Work instructions – Your copy should match the listing below word for word, with no images in it.

Data extract –
- - -
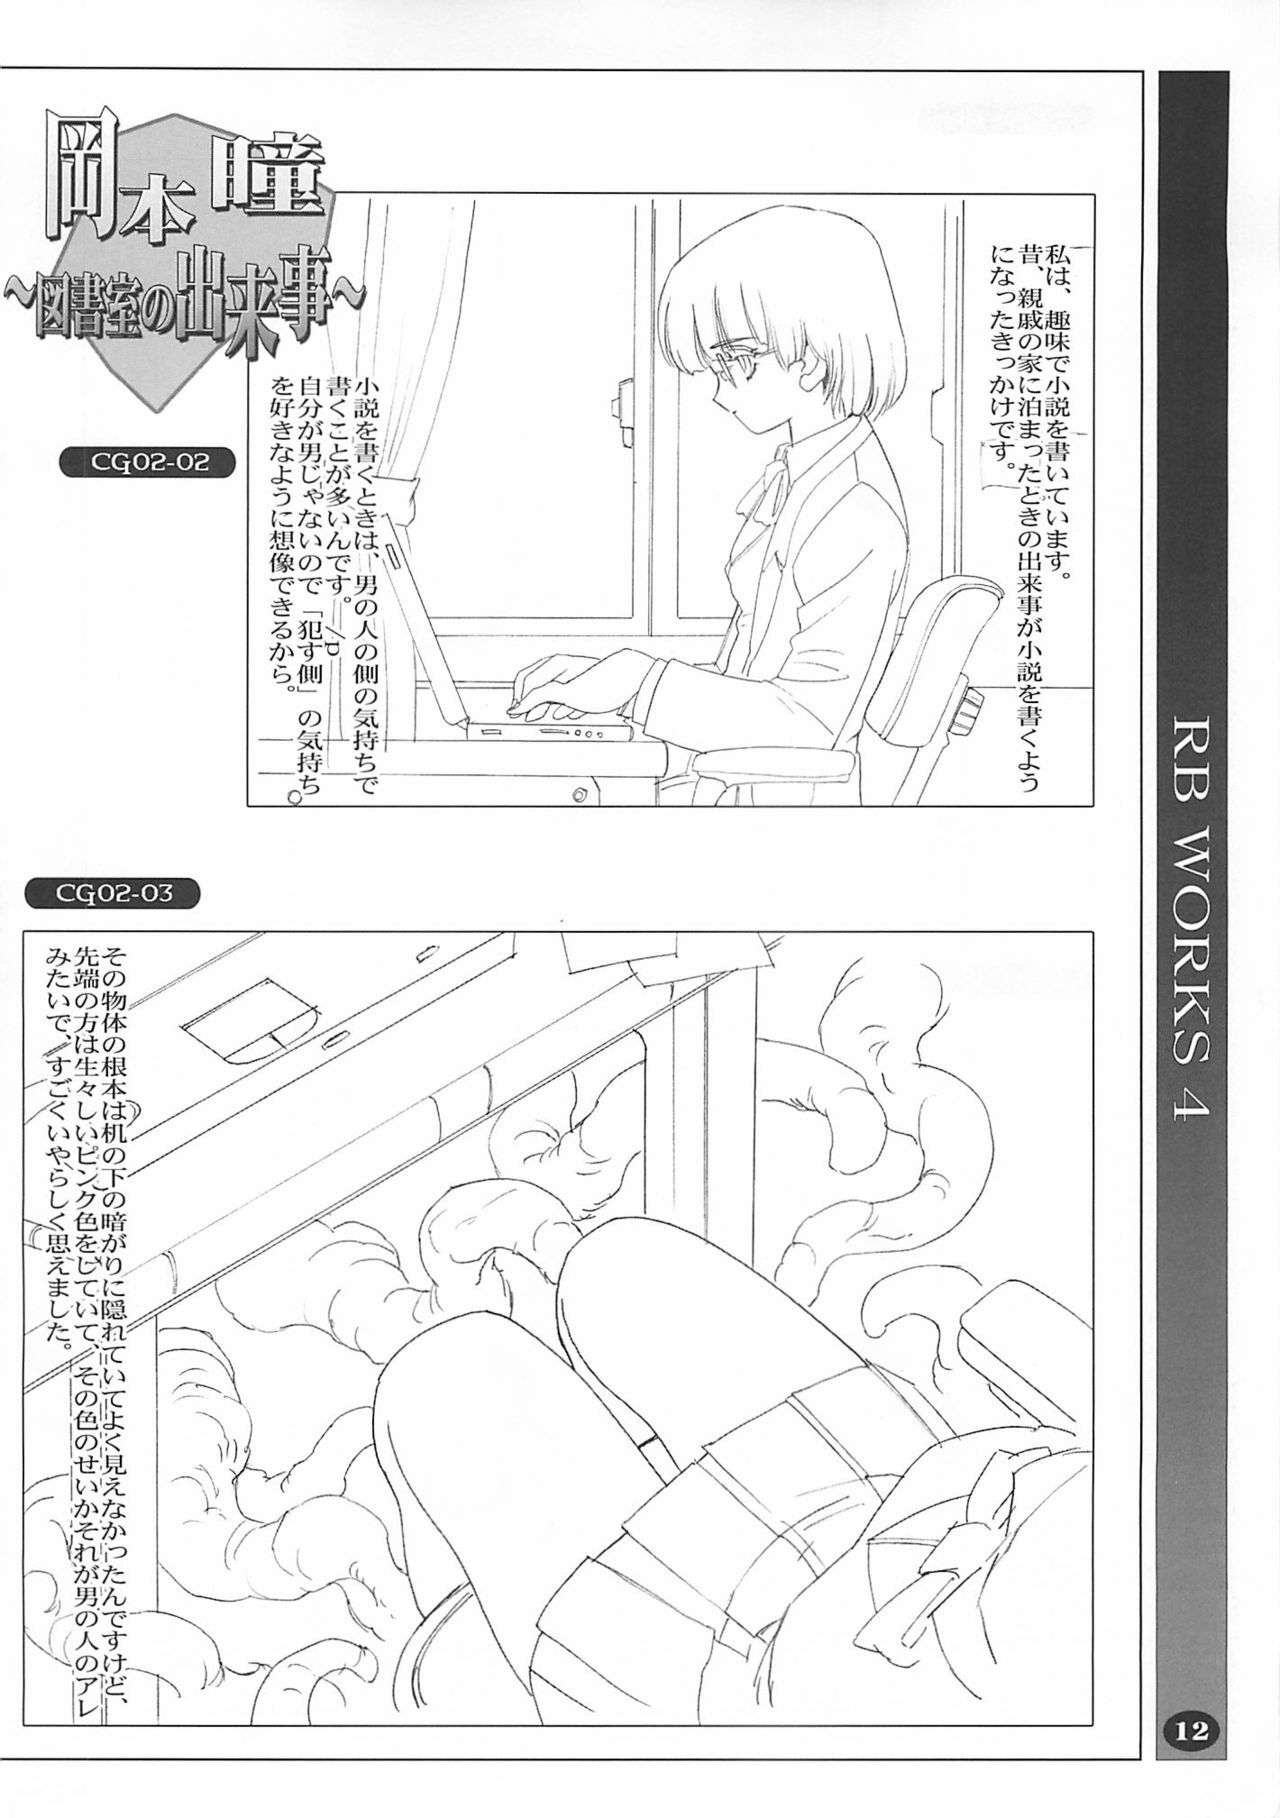 [HQ's (RINGER BELL & Kajiyama Hiroshi)] RB Works 4 - From THE Darkness & Darkness Again page 11 full
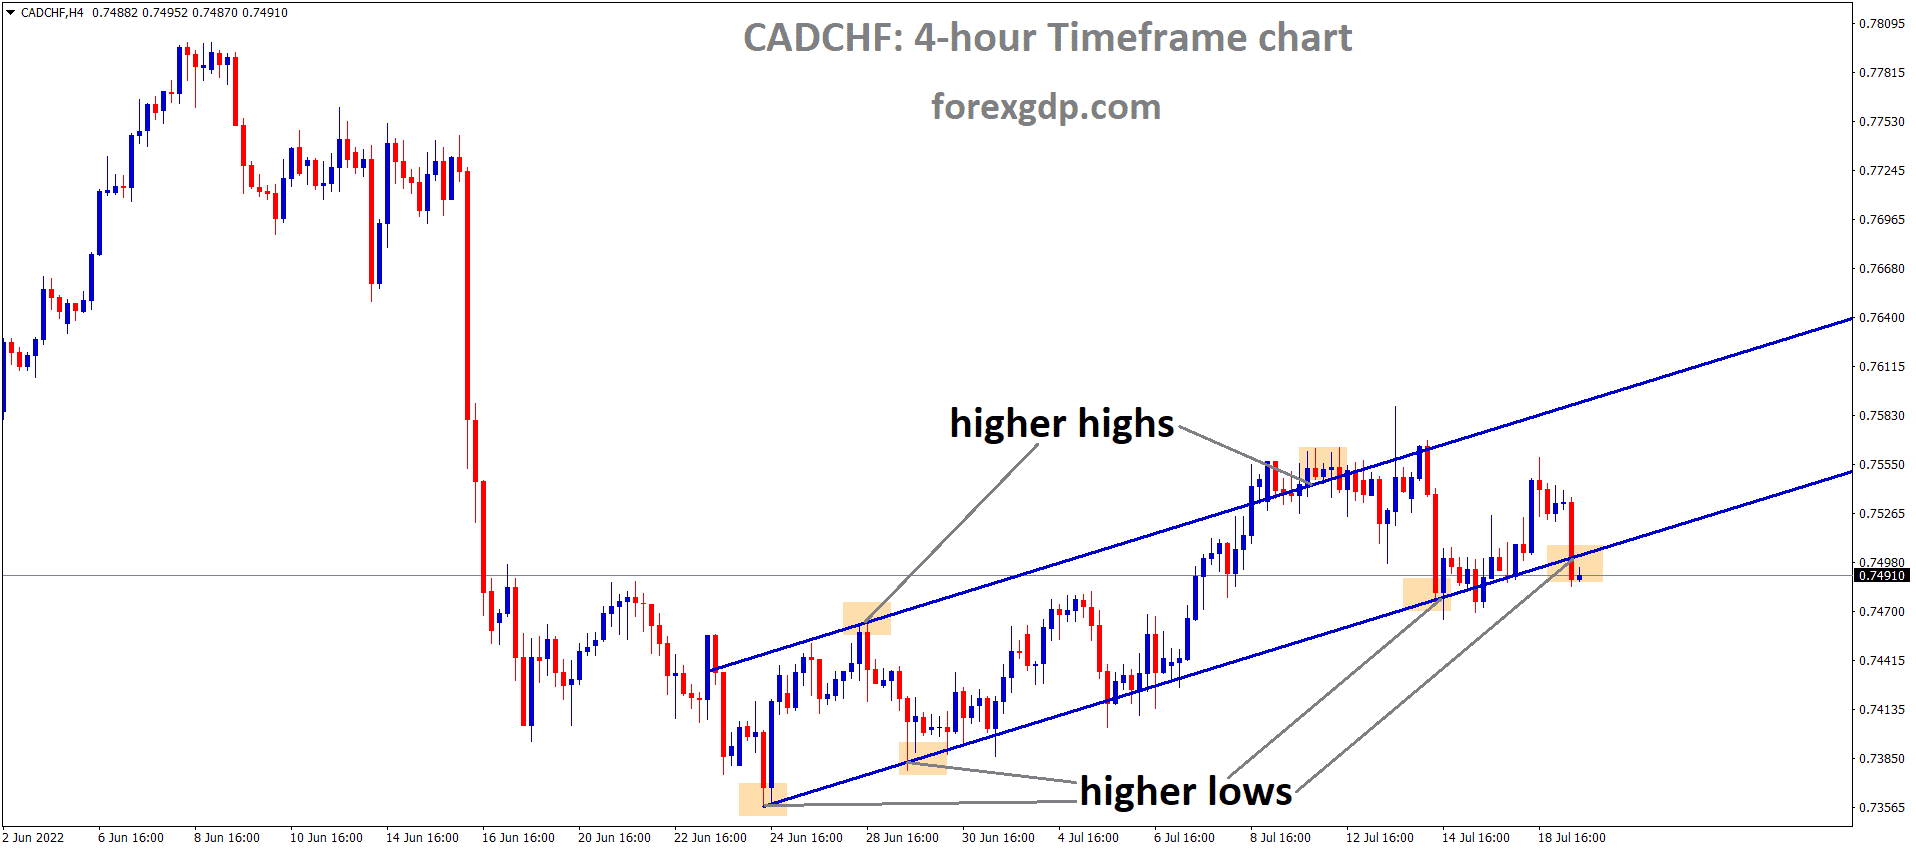 CADCHF is moving in an Ascending channel and the market has reached the higher low area of the channel 1
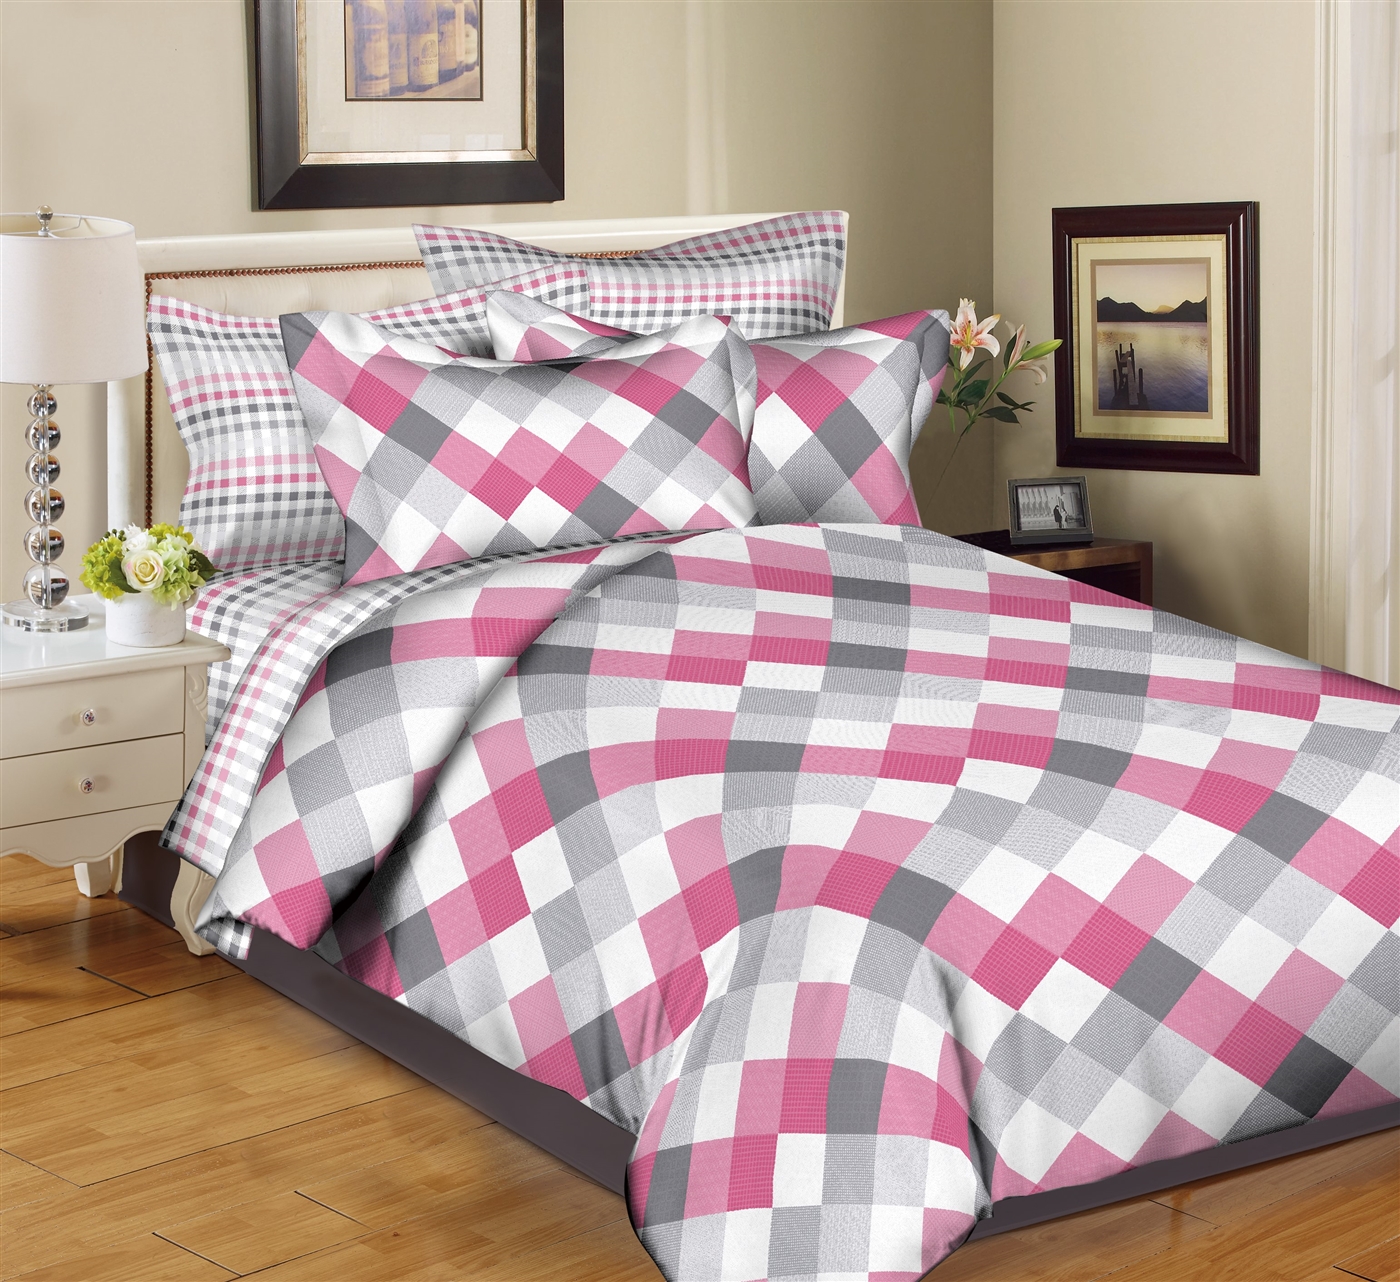 Better Bed Collection: Diamond Mix & Match Pink 8PC Bedding Sets - 200 Thread Count
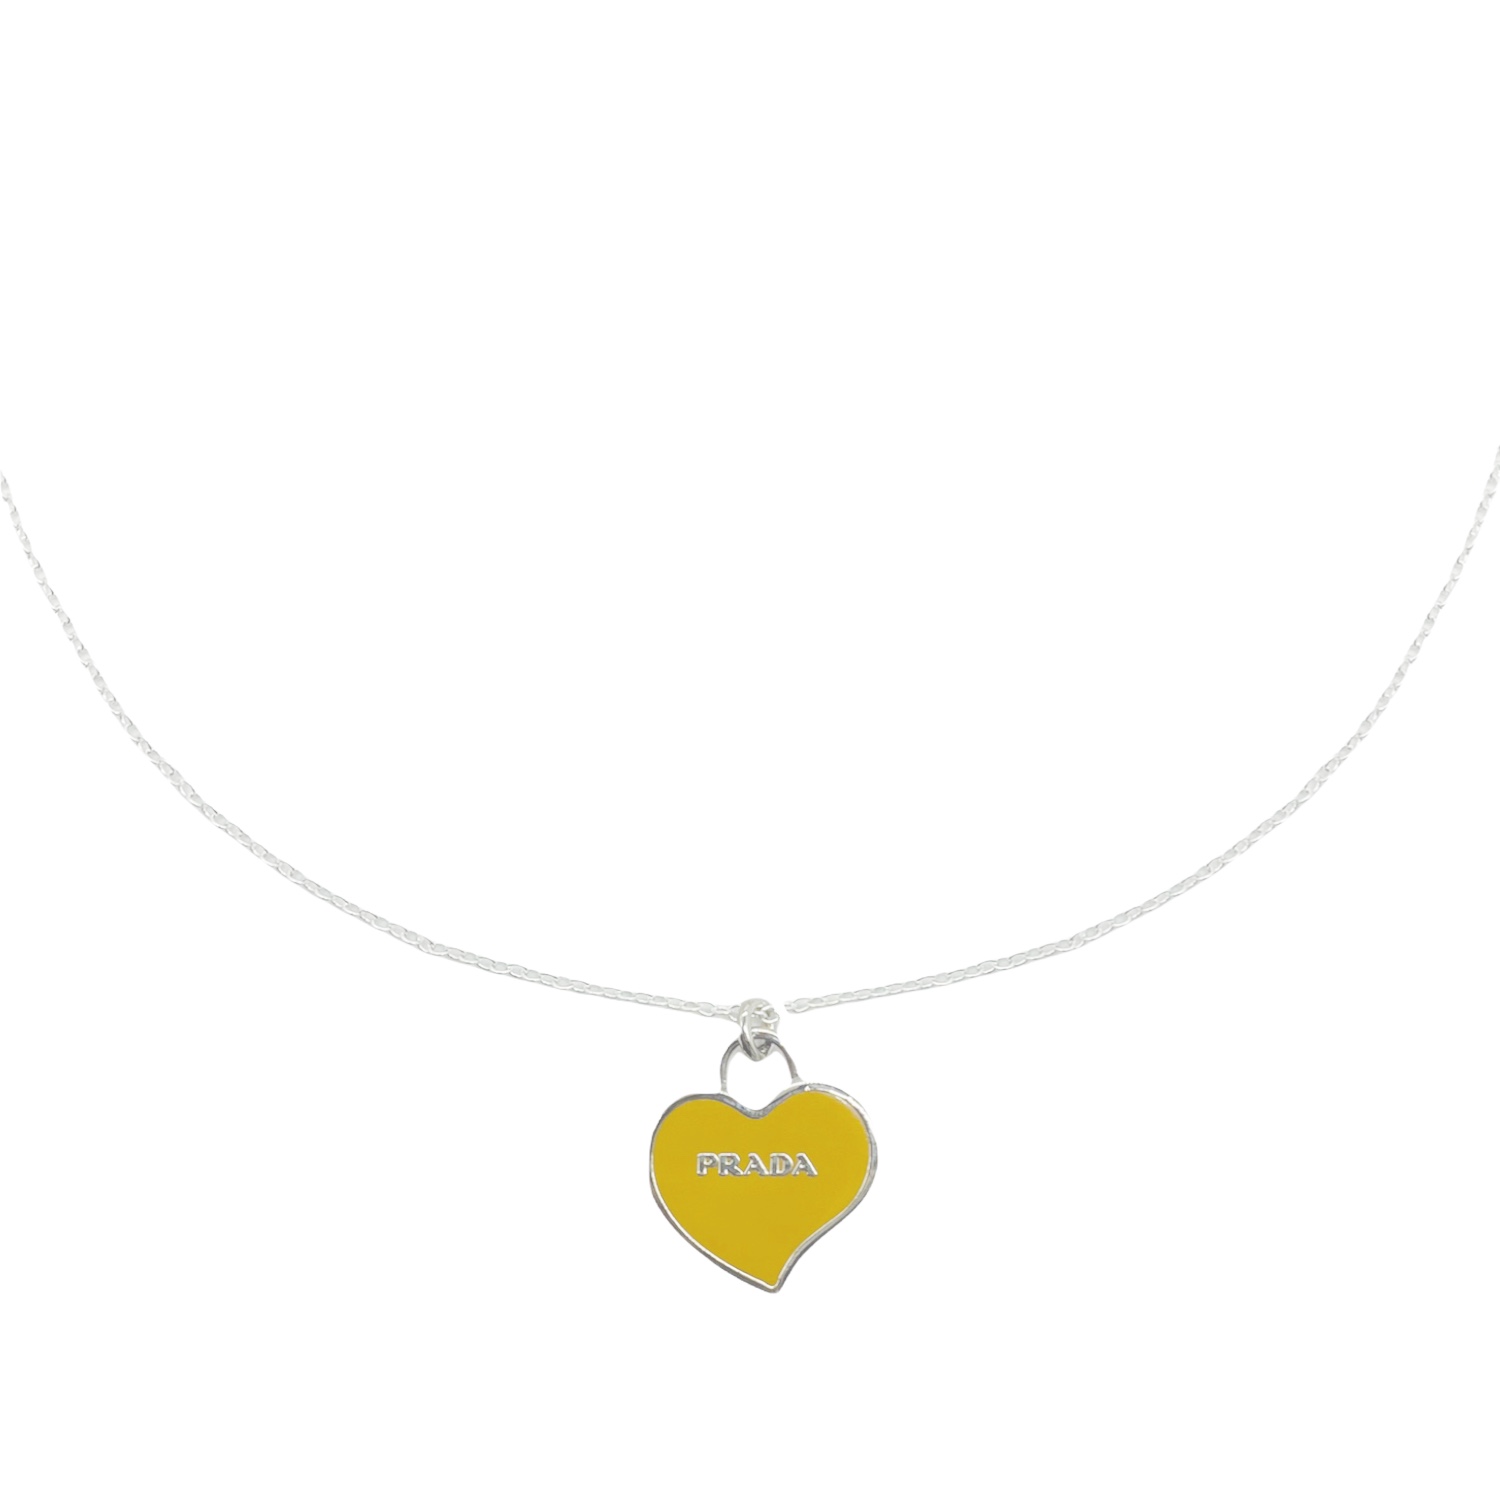 Reworked Prada Heart Pendant Necklace in Yellow and Silver | NITRYL
- - -
Solution below –
 [HQ's (RINGER BELL & Kajiyama Hiroshi)] RB Works 4 - From THE Darkness & Darkness Again page 11 full
 CADCHF is moving in an Ascending channel and the market has reached the higher low area of the channel 1
 Better Bed Collection: Diamond Mix & Match Pink 8PC Bedding Sets - 200 Thread Count
 Reworked Prada Heart Pendant Necklace in Yellow and Silver | NITRYL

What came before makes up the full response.